Gender Affects Occupations and Wages of Humanities Majors, Reports Say

Reports: “Gender and the Occupations of Humanities Majors” and “Effects of Gender on the Earnings of Humanities Majors”

Organization: The Humanities Indicators project of the American Academy of Arts and Sciences

Summary: Men and women who earned degrees in the humanities have notable differences in their earnings and post-college occupations, according to two reports released on Monday by the American Academy of Arts and Sciences. Data for the reports were collected from the American Community Survey, which is administered by the U.S. Census Bureau.

For people who earned bachelor’s degrees in the humanities, men were more likely to have jobs in fields such as management, sales, the sciences, and engineering and computing. Women outpaced men in office and administrative-support jobs by 10 percent.

It was also more common for women to work in postsecondary education and in health-care services, and women with both bachelor’s and advanced degrees were twice as likely as men to work in precollegiate teaching. Gender differences in occupation persisted even when individuals with bachelor’s degrees in the humanities earned advanced degrees in any field of study.

And while the gender pay gap affected all women in the humanities, older employees saw a starker contrast in their median income.

Among people with bachelor’s degrees, men under the age of 34 earned an average of 5 percent more than did women of the same age and level of education. That difference was much larger in an older age bracket: Men over the age of 35 earned 33 percent more than did their female peers.

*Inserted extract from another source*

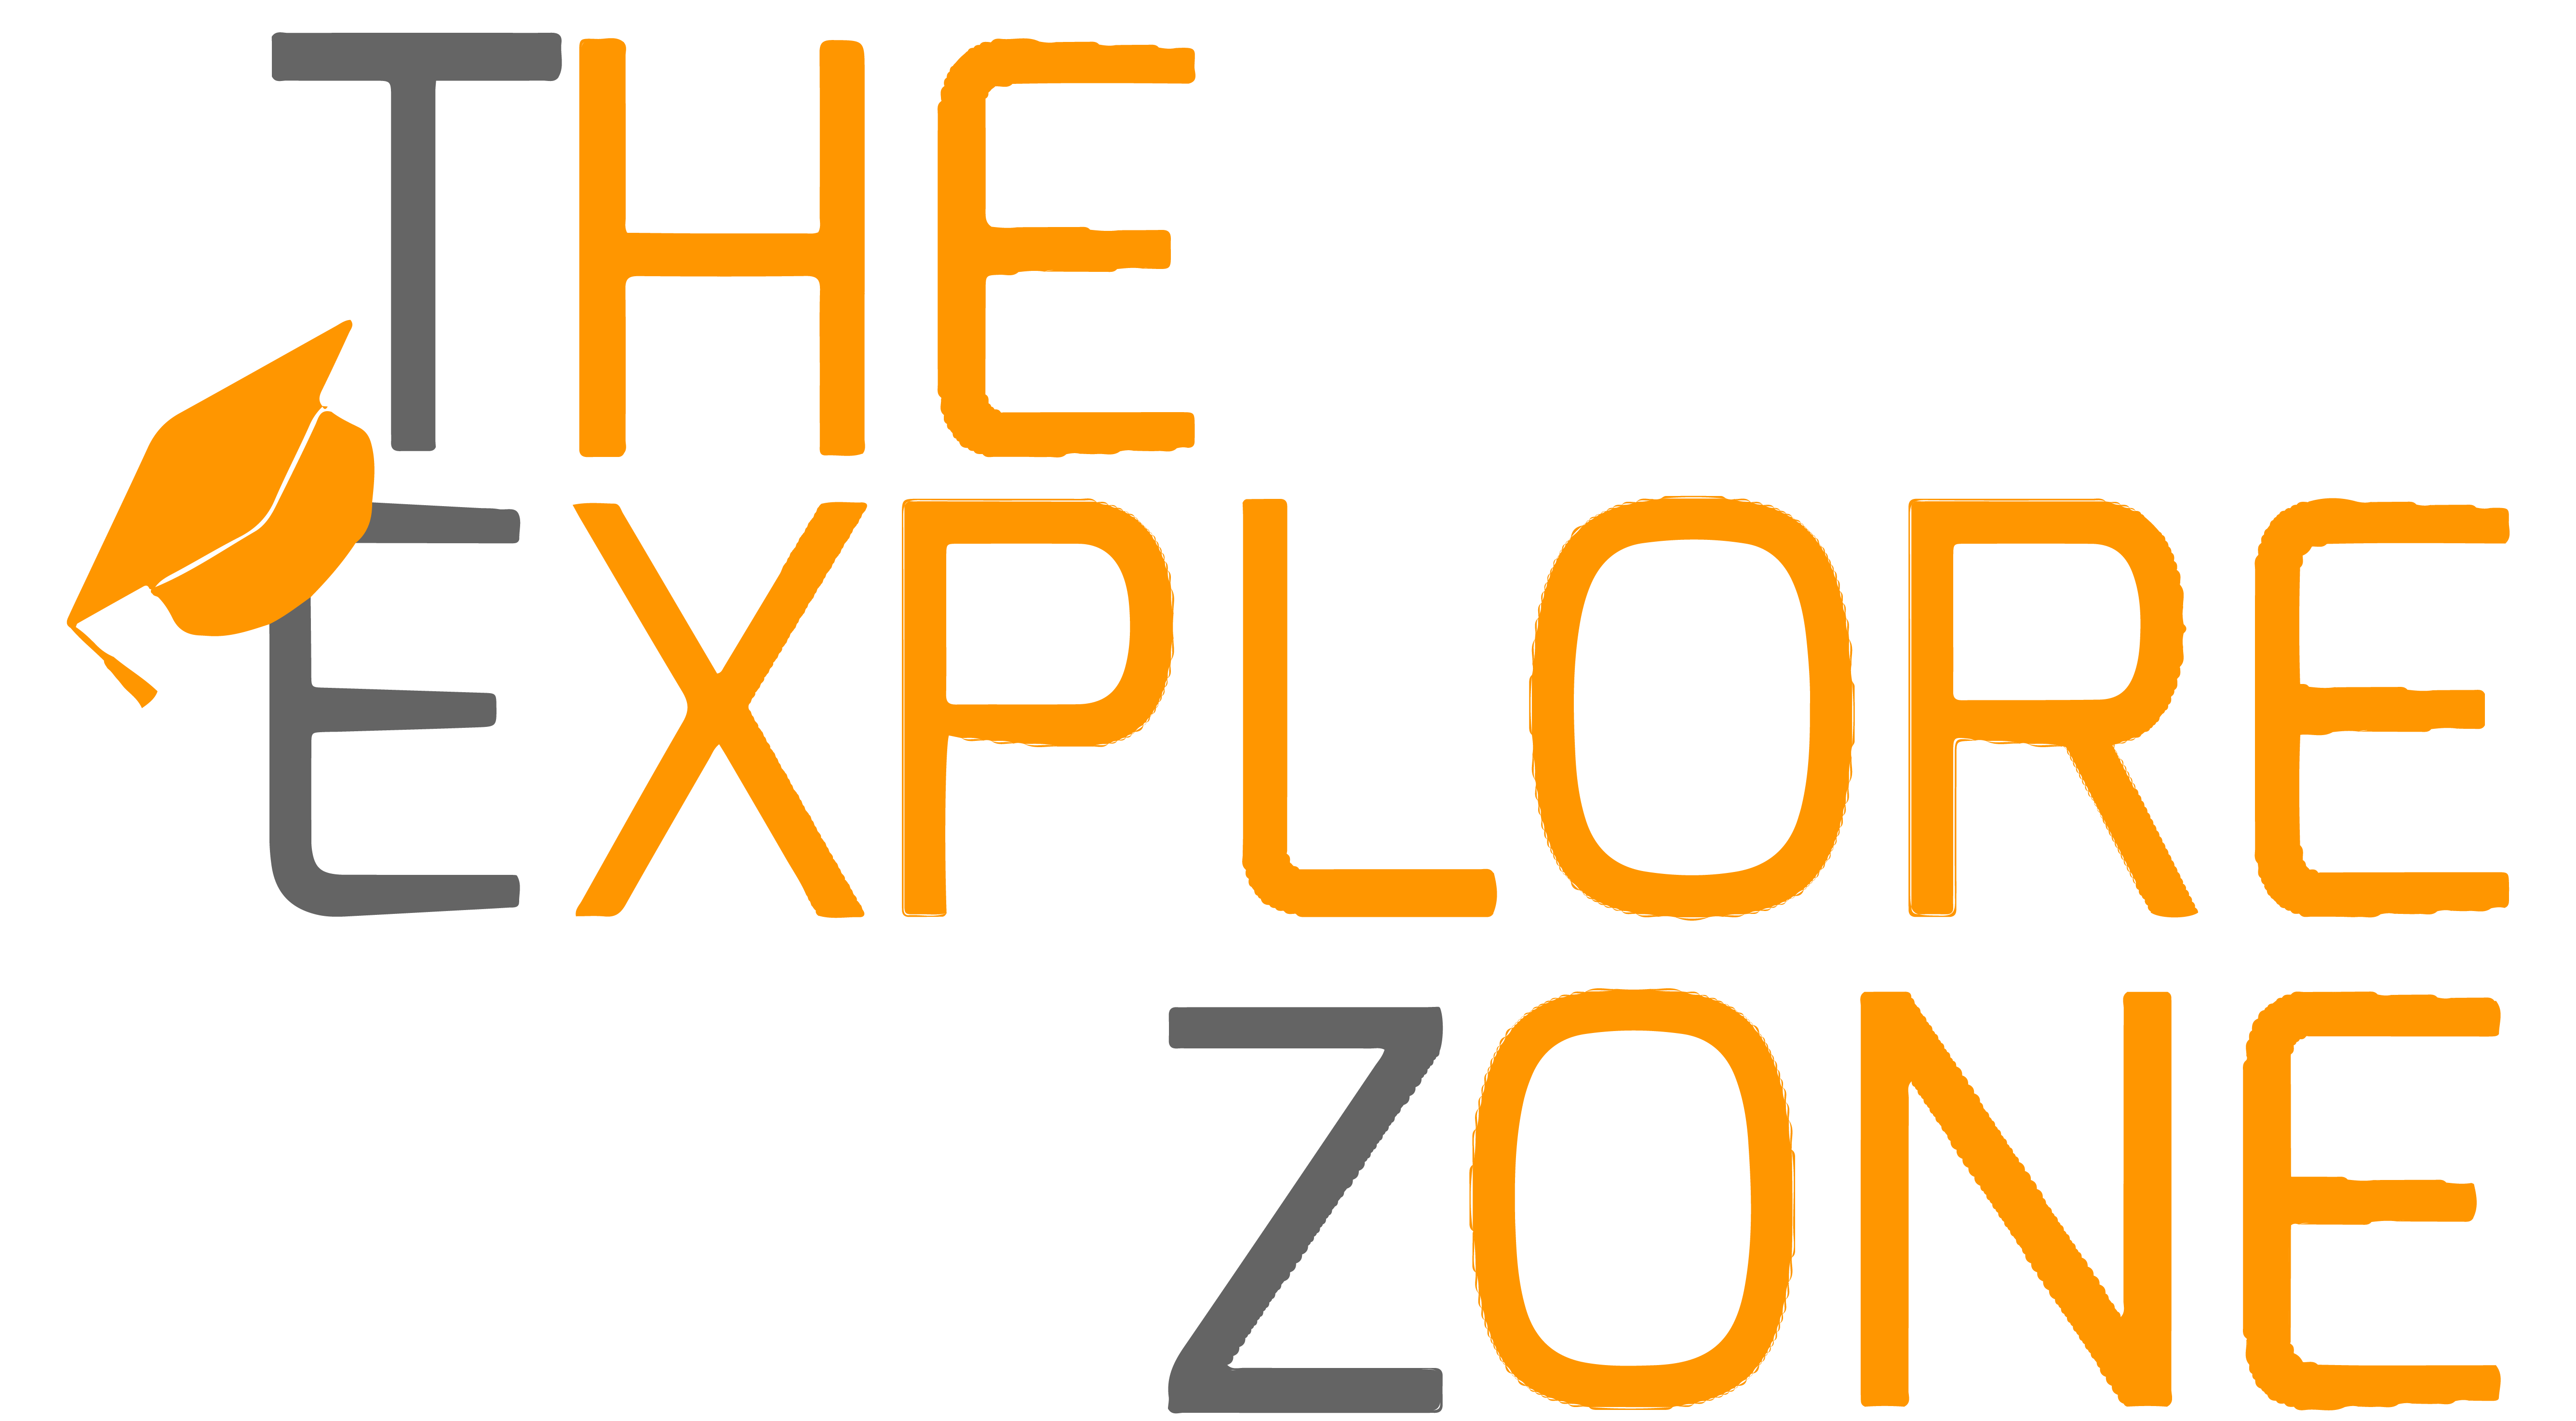 The Explore Zone

For those with advanced degrees, the higher the pay, the more pronounced the gap in later career years. One in four older male humanities majors earned $146,000 in 2013 — compared with $101,000 for women.

Bottom Line: Though nearly half of humanities majors — 42 percent — have at least one advanced degree, wages remain unequal for women, who tend to be in lower-paying positions and to receive less money than men, even when working in the same field.